There are many studies with different results that determine the effects of HbsAg positivity on patient survival rate in Rtx recipients.11 Some studies revealed that 5-year patient survival rate was worse in HbsAg+ patients, whereas another study revealed that HbsAg positivity had no impact on patient survival rate.12–16 However, a study has revealed that 5-year patient and graft survival rates were similar between HbsAg+ and HbsAg− patients.1 Ahn et al16 revealed that 27 HbsAg+ recipients' (who were treated with lamivudine) graft and patient survival rates were similar to those of the HbsAg− patients. HbsAg positivity was shown to be an independent risk factor on 10-year patient survival rate,17 and lamivudine treatment was shown to improve survival rate.19,35 In our study, we found that there was no significant difference between the groups in terms of patient and graft survival rates. We thought that it was a result of administration of antiviral treatment.
Although there are not many studies on acute rejection rate in HbsAg+ Rtx recipients, lamivudine treatment was shown to decrease the rejection rate.4 In our study, acute rejection of the groups were similar.
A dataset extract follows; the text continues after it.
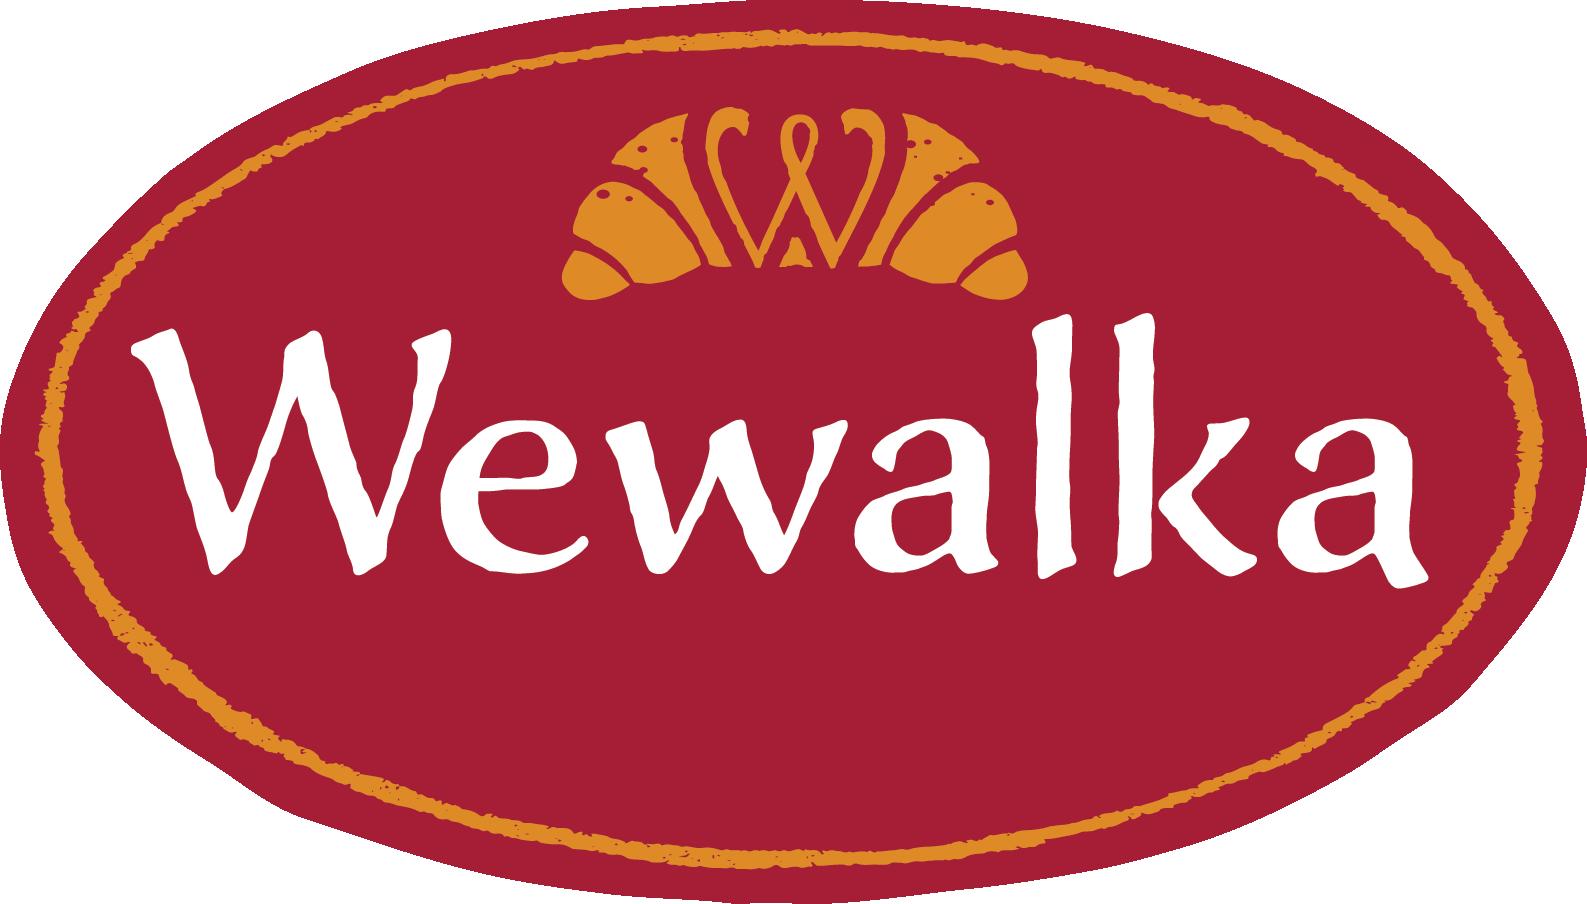 Wewalka logo

In our study, comparisons in terms of graft functions revealed that GFR at the last follow-up was higher in the HbsAg+ group, whereas postoperative first-, third-, sixth-, and twelfth-month GFR, and third-year GFR were similar between the groups.
In conclusion, graft and patient survival rates of HbsAg+ recipients and HbsAg− recipients are similar, but the acute hepatitis rate is higher in HbsAg+ recipients. Additionally, antiviral treatment plays an important role in preventing liver-associated complications after Rtx.